5 of 98 comments (clear)

  1. Only 1135 signed up so far by Anonymous Coward · · Score: 4, Informative

    http://www.savebetamax.org/ Let's Slashdot the Senators. Please sign-up and follow through. If the INDUCE act passes, we all lose.

  2. Re:Palm should support their products better. by iCEBaLM · · Score: 2, Informative

    "psyched"

  3. Why there was a time limit. by miradu2000 · · Score: 4, Informative

    As Senior Editor of TreoCentral.com, the author of the linked article, and overall the man in charge of the bounty, I think it is fair for me to answer the question of why we had a time limit. I do not believe that I addressed this well in the article, so I'll do it here.

    First and foremost, I have other responsibilities come September, and I would have been unable to dedicate the time needed keep this bounty running, answer questions, test possible results, etc. The bounty had an end time because it needed closure at some point - we chose to do a post-collection method, and as each month went by more of the credit cards used for the pledges expired.

    Secondly, when I started the bounty I had full knowledge of the next generation Treo, currently rumored to be released at the end of October/early November. At the time, specific accurate info on the next generation Treo was publicly unknown, so "want" for bluetooth on the current Treo was high. However, I was aware that this info would leak sometime over the summer, and it did - through an article I wrote a few weeks later. Subsequently, after photos were leaked in August, support from users who may have wanted this solution waned. I'm not saying that all support disappeared - we have many users who really want bluetooth on their current Treo, but many others are now resolved to simply upgrade to the next generation device. At the time, I thought the next gen Treo was going to be released early september, so the goal was to have the end of the bluetooth bounty somewhat neatly coincide with the introduction of the bluetooth compatible Treo.

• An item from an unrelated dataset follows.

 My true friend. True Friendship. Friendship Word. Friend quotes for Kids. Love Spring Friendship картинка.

    It's debatable whether 3 months would have been enough time to complete a driver. I have seen some very complex Palm OS applications developed in a much shorter time period. Even so, if in the last weeks of the bounty a developer said "I'm making progress", I would have asked our users to let us extend it. But no developer did, and as explained in the article, the prospects of having a working driver to our specifications were grim.

    -Michael Ducker

  4. Re:Wow, they gave it an entire 3 months! by DrEldarion · · Score: 3, Informative

    "As we got more publicity, more people who knew Bluetooth started to get involved in the discussion. Sadly, these people only had bad news to share. Developers started to tell us that what we were asking was impossible, because it was physically impossible for the Treo to access the voice stream from the radio. This meant that at best, a driver would only be capable of doing data over Bluetooth. But, as our conditions stated that it must support the headset profile, a driver that only did data would not have won the bounty."

    Sure sounds like patience is what they needed, hm?

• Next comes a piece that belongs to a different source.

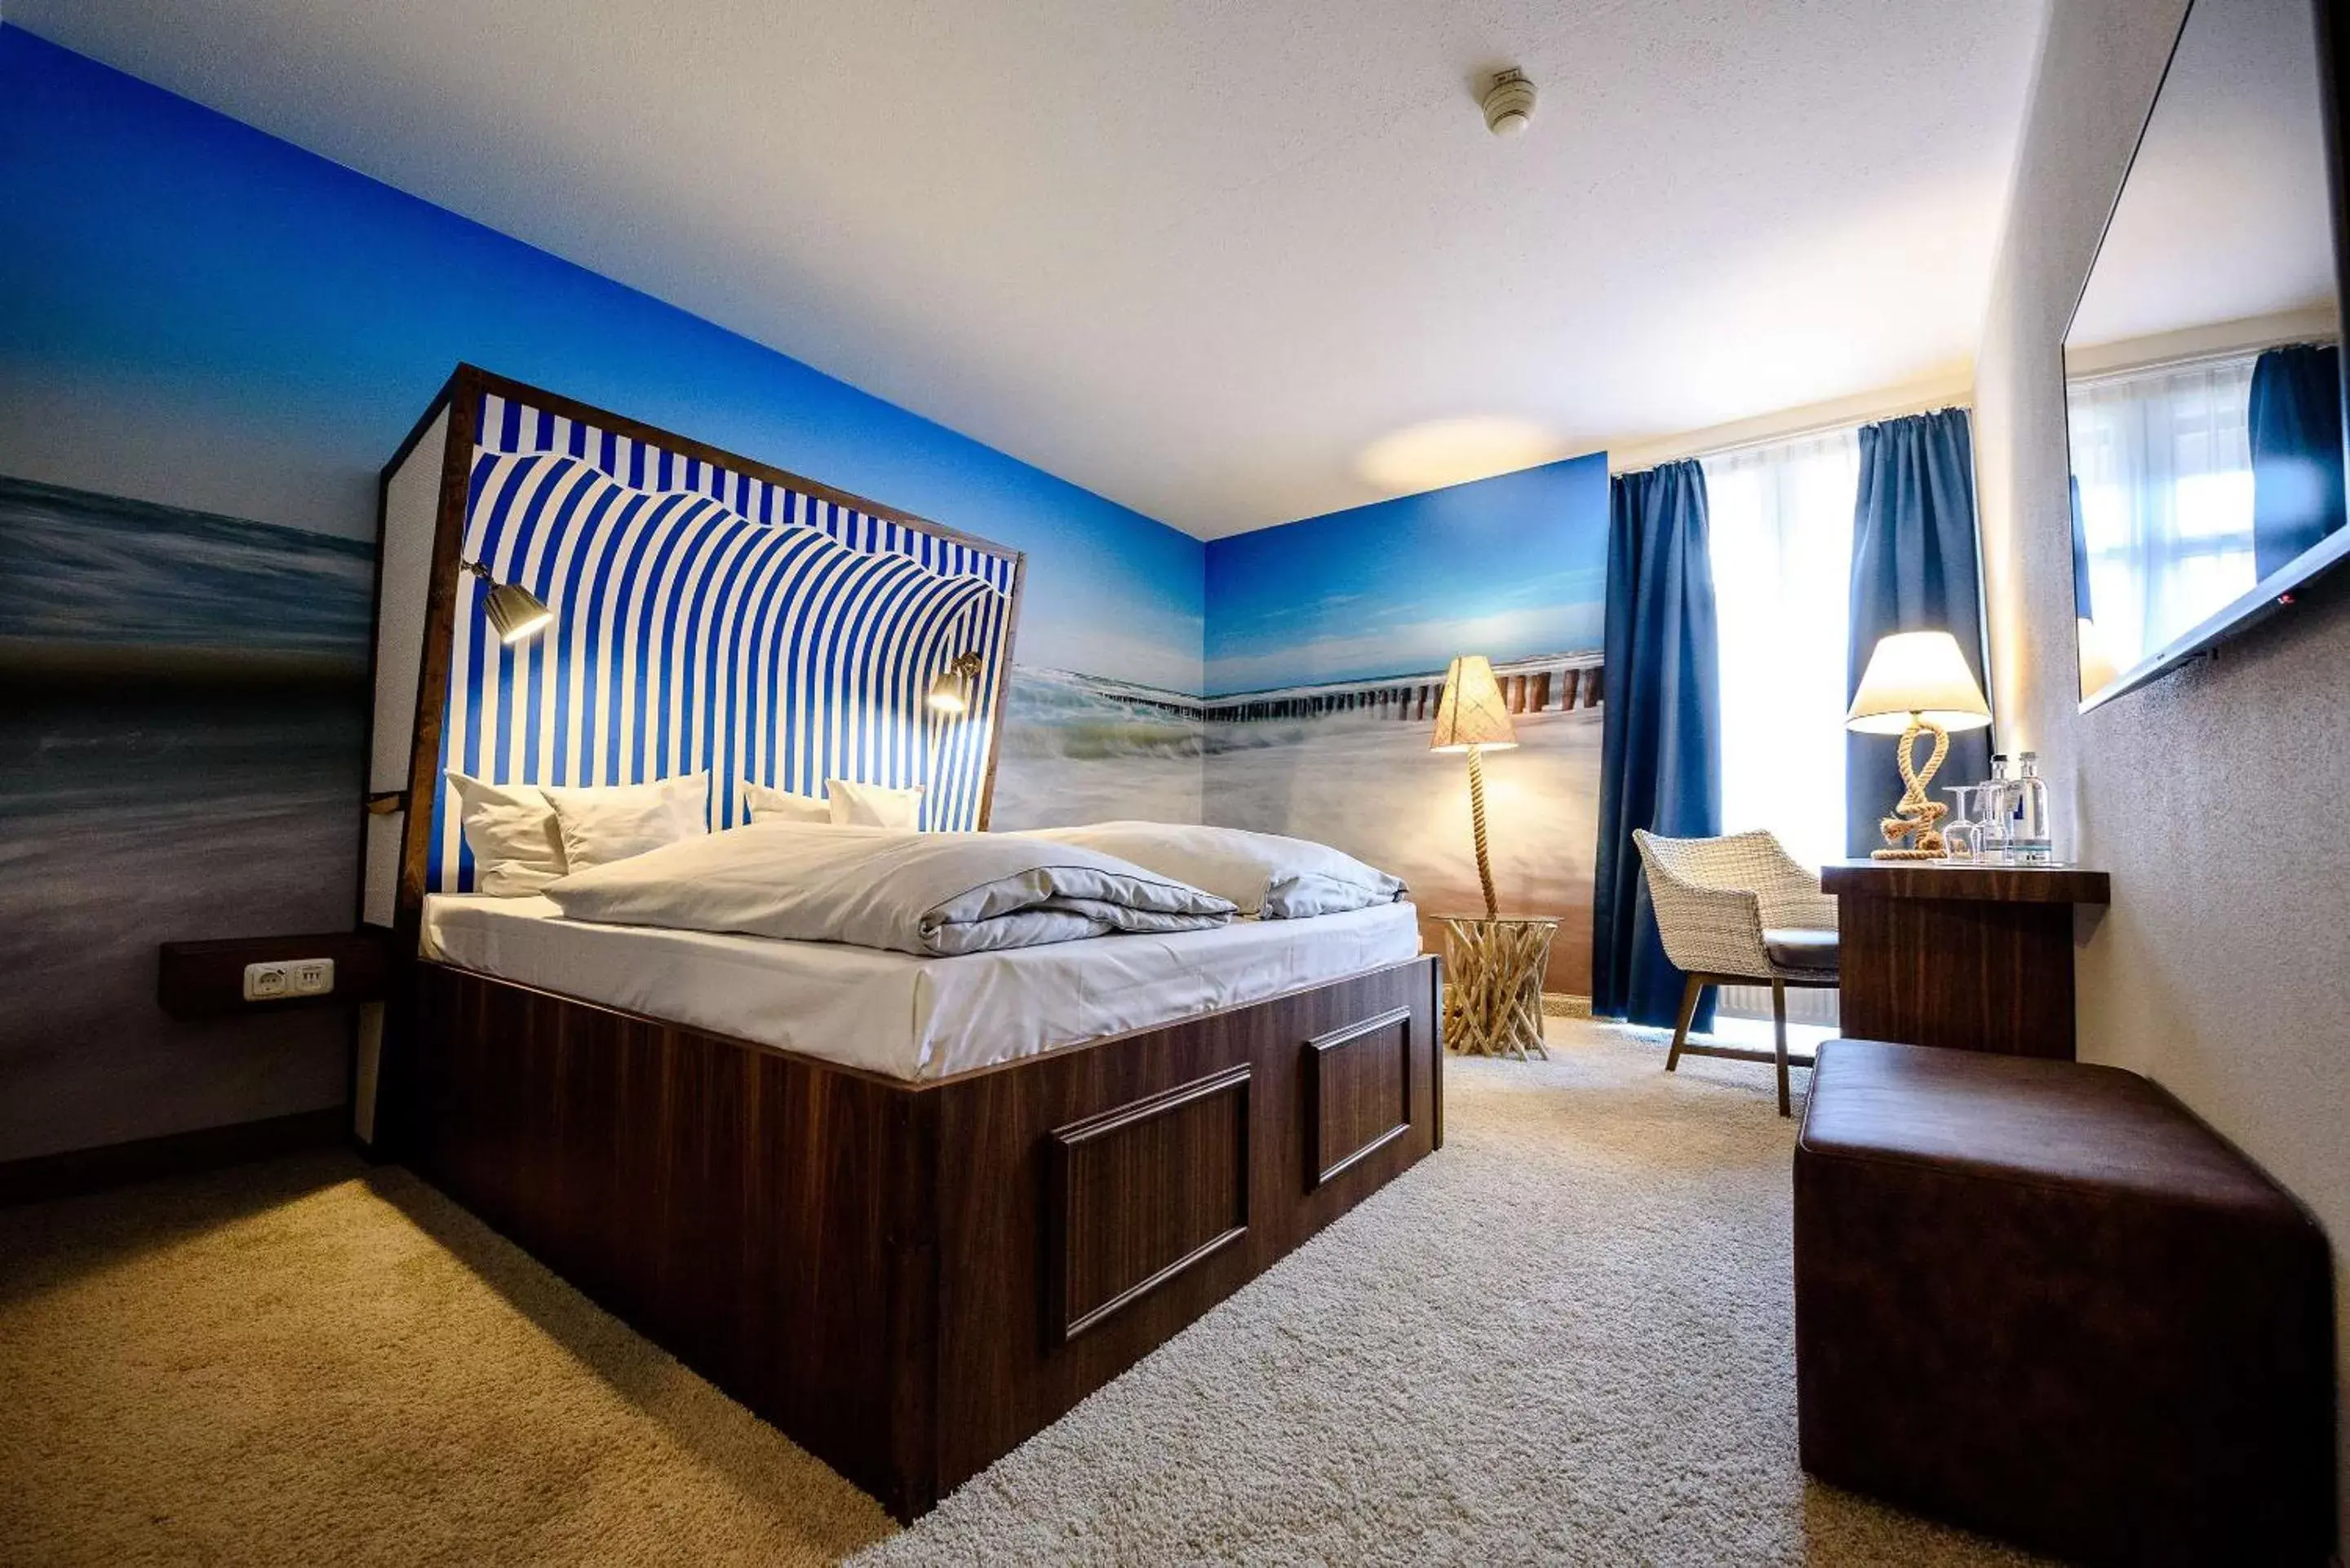 Bedroom, Bed in Dorint Hotel Alzey/Worms

  5. Re:Complicated Treo? by Fnkmaster · · Score: 4, Informative
    See my post here. In short, it's not just talking to an arbitrary external device. There is no documentation for any of the several layers of driver components here, at least not without NDAs with PalmOne and others. So the best guide you can find is the Palm OS 4 drivers (at least one PRC file for BT, BT serial, BT/SD), which weren't written for ARM hardware. So take those drivers, disassemble them (like I said, at least 3 PRC files), now go through opcode-by-opcode and figure out what each of the undocumented API calls are doing, so you can write something that's compatible with the built-in Bluetooth API.

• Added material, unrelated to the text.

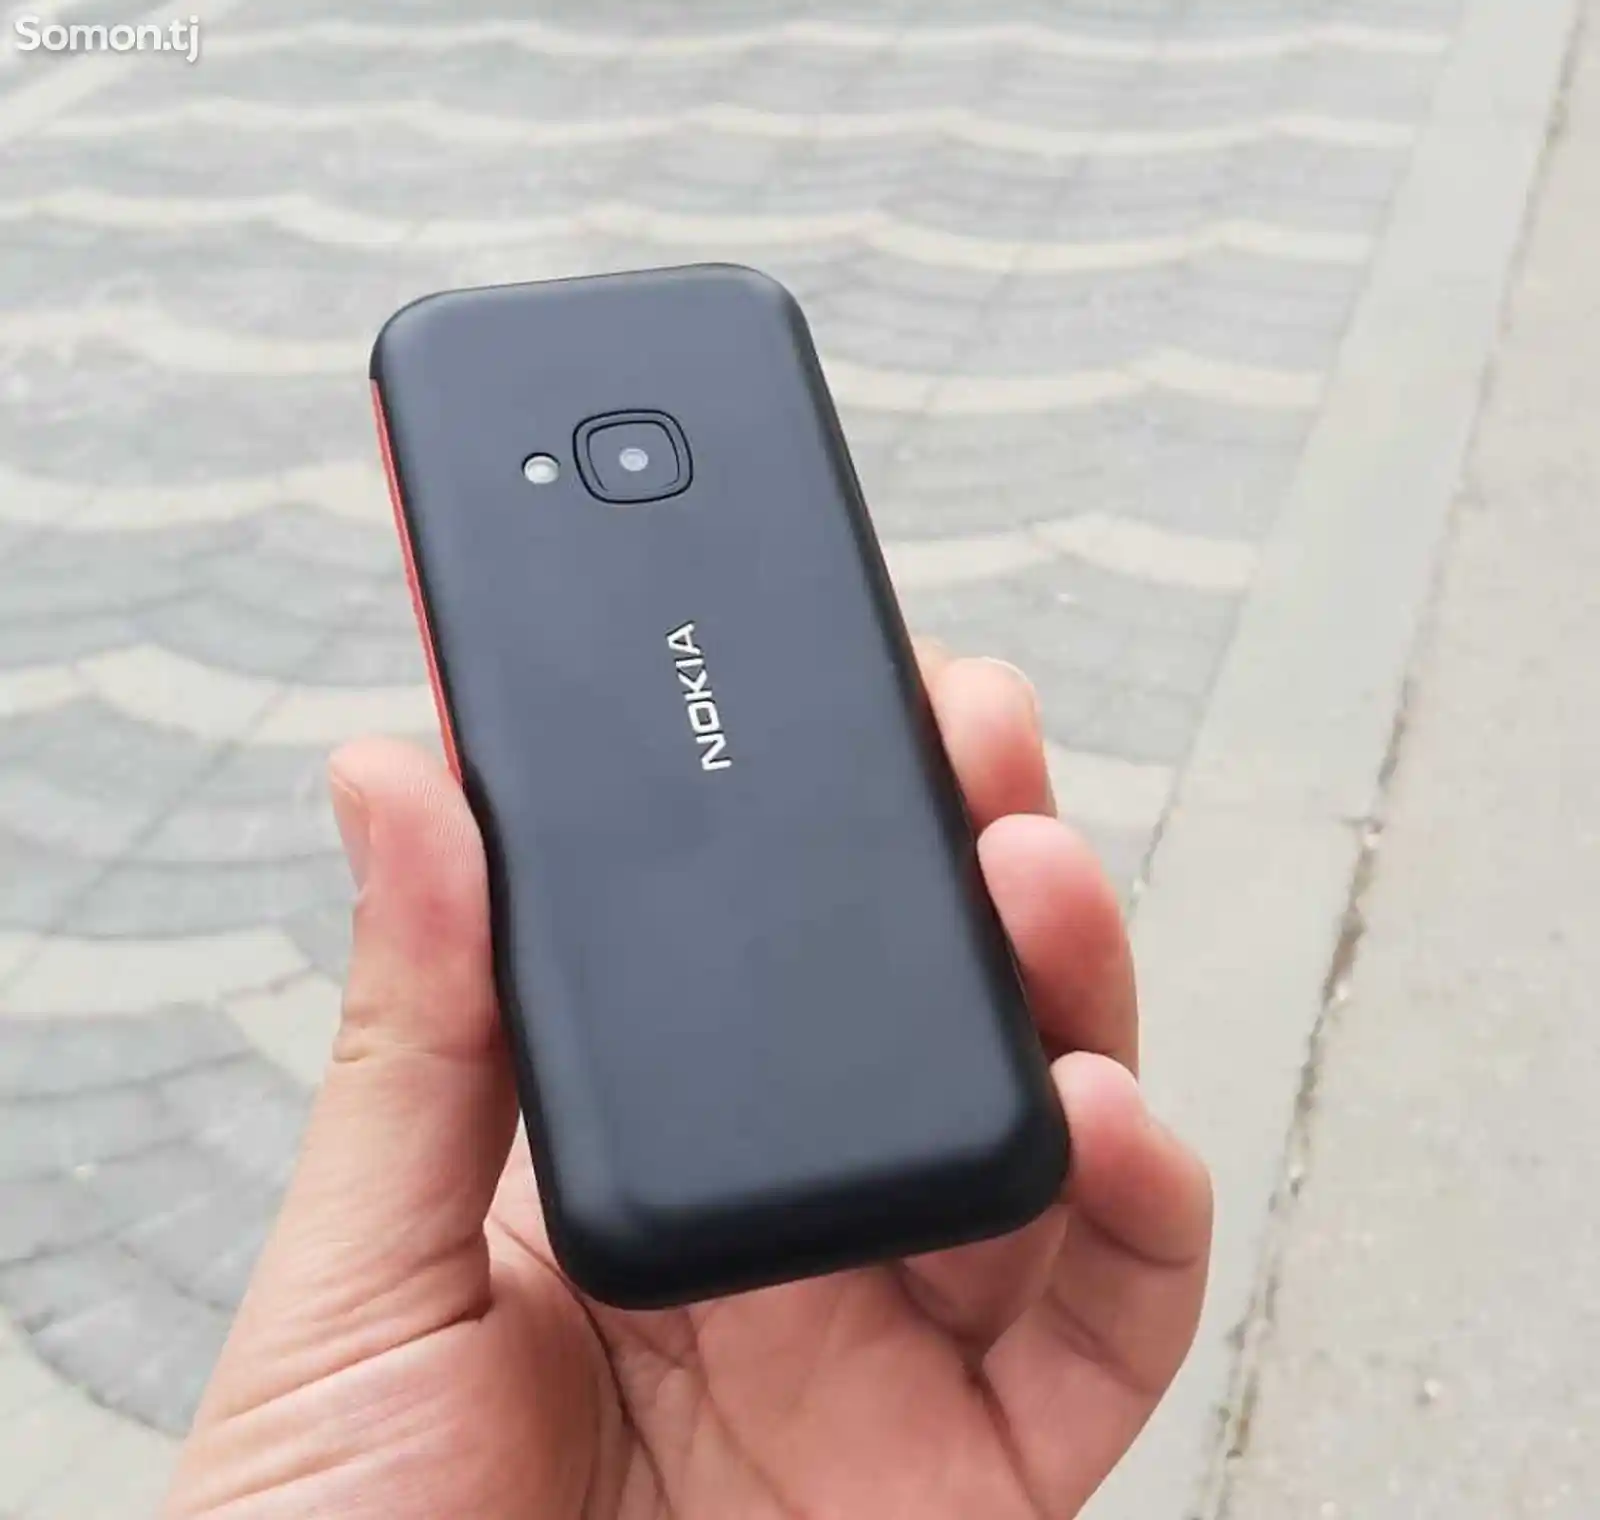 Nokia 5310 Vietnam-3

    Oh yeah, and there's really no public documentation for writing drivers of any sort for OS 5/ARM - you're talking about stuff operating below the level of the public PalmOS API. So it's not a matter of bloating here, just lack of information because the whole system is relatively closed and undocumented.


    I'm not an expert by any means, just a guy with a modest amount of Palm application development experience who took a crack at this problem only to throw up my hands in frustration after a day or so, realizing it was much harder than it looked at first glance without the proper documentation for anything.